Using the treated amblyopic eye is preventing that eye from permanent suppression and regressing to deep central suppression. The longer suppression exists, the deeper the suppression and the worse the amblyopia may become, Dr. De Weger said.
A key limitation to this study was the subjectivity of measuring patient adherence. The use of patching and spectacles was reported by parents and then interpreted and graded by an orthoptist.
I encourage my patients at termination of follow-up visits after amblyopia treatment to continue looking with the treated amblyopic eye by covering the fellow eye once in a while. This means activating the renewed visual pathways, Dr. De Weger said, stressing the importance of adherence. by Michelle Pagnani
Reference:
- De Weger C, Van Den Brom HJ, Lindeboom R. Termination of amblyopia treatment: when to stop follow-up visits and risk factors for recurrence. J Pediatr Ophthalmol Strabismus. 2010;47(6):338-346.

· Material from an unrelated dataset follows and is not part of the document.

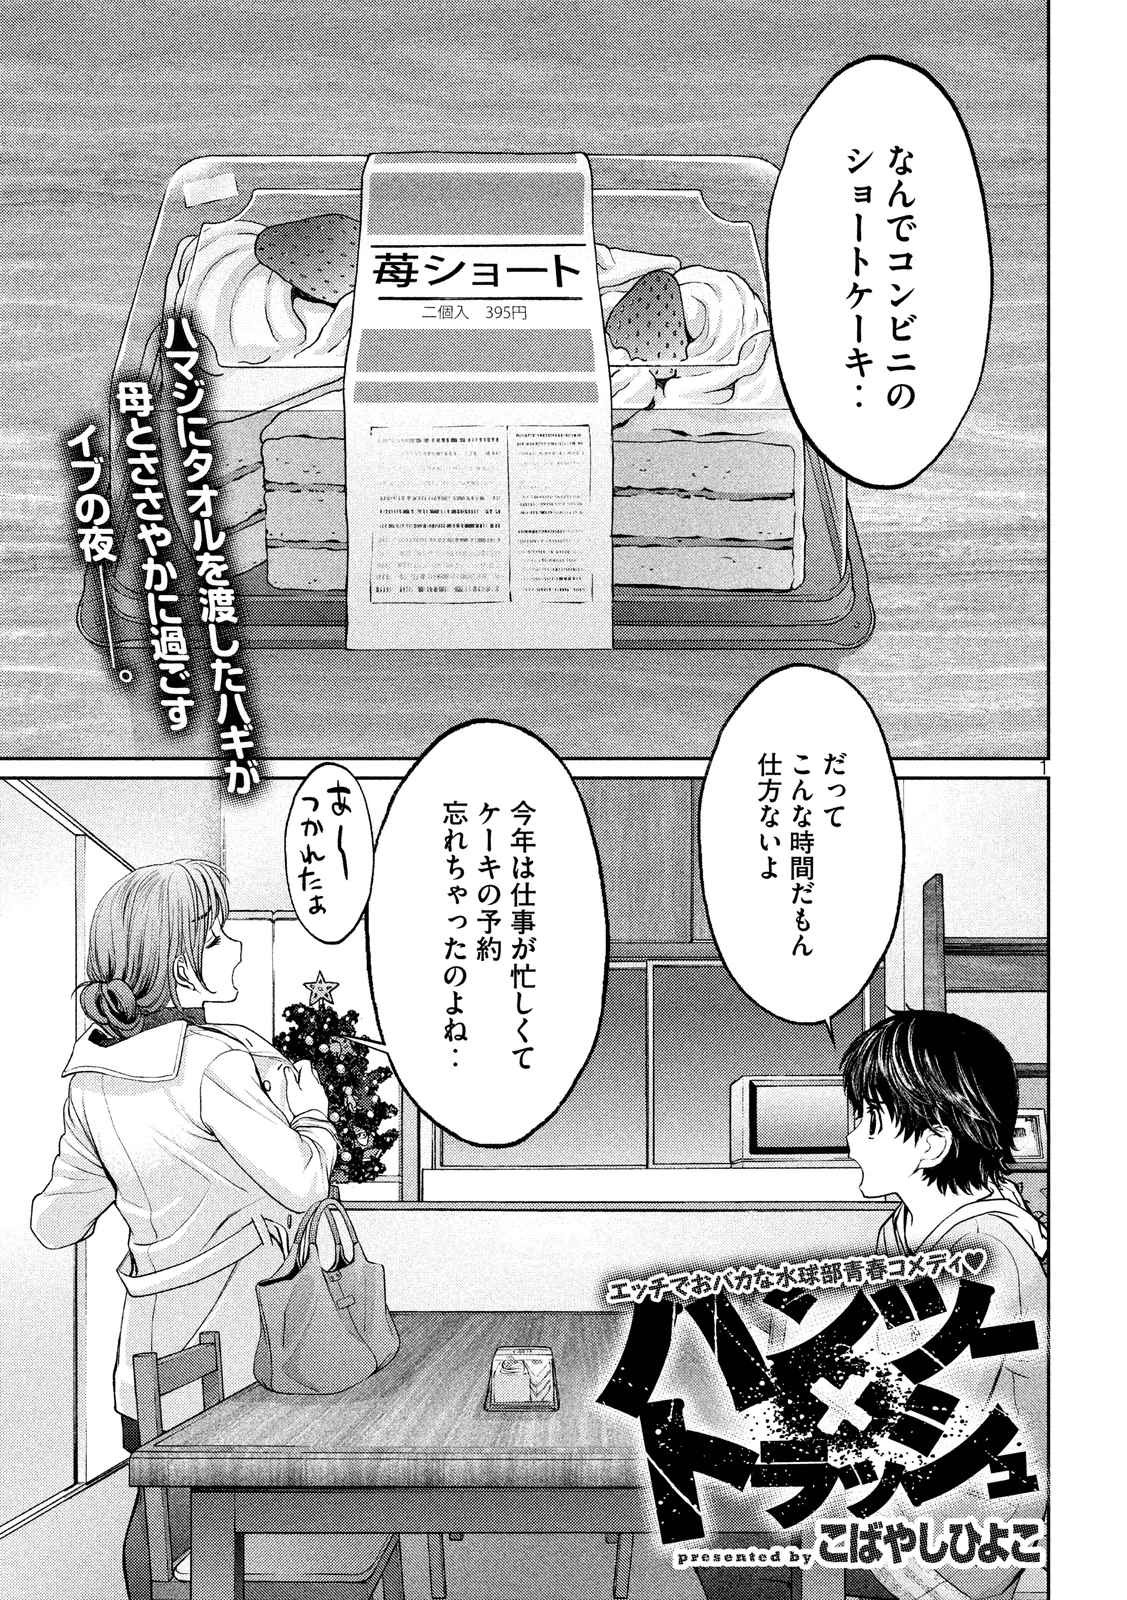 Hantsu_x_Trash Chapter 132 Page 1

- Christine De Weger, MSc, can be reached at Wilhemina Ziekenhuis Assen, Poli-oogheelkunde, Postbus 30001, 9400 RA Assen, Netherlands; e-mail: c.deweger@home.nl.

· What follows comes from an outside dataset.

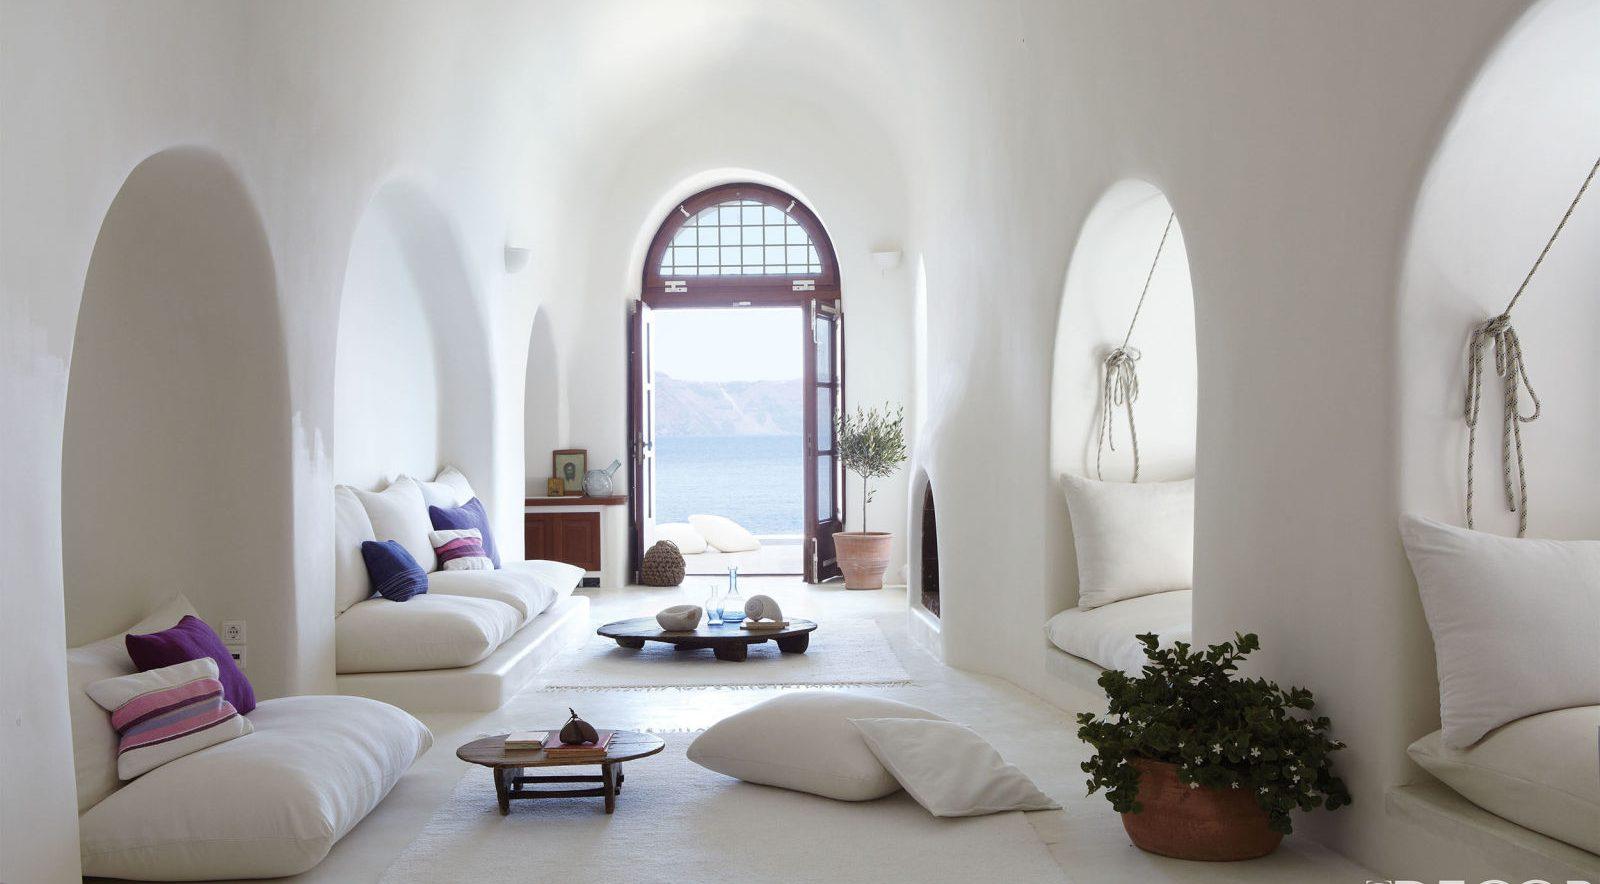 summer house Inspiring Summer House Decor Ideas gallery 1460586206 summerhouses image14 e1467896582267

- Disclosure: No products or companies are mentioned that would require financial disclosure.
This study encourages a longer follow-up period after cessation of amblyopia treatment by demonstrating that a real risk exists for patients who discontinue patching. The results are consistent with the anecdotal experience of many pediatric ophthalmologists, but it is beneficial to have such outcomes formally documented. Overall, it suggests that we maintain refractive correction in order to neutralize the underlying cause of amblyopia and maintain follow-up monitoring in case of vision loss. In clinical practice, one must prescribe patching for as long as necessary but not any longer, because the mother of the child typically serves as cheerleader, enforcer and encourager. This study provides the scientific basis for not terminating a patching routine too early, because it reminds both the doctor and family of the real possibility for visual regression. Knowing there is at least a one-in-four chance of vision loss tends to motivate.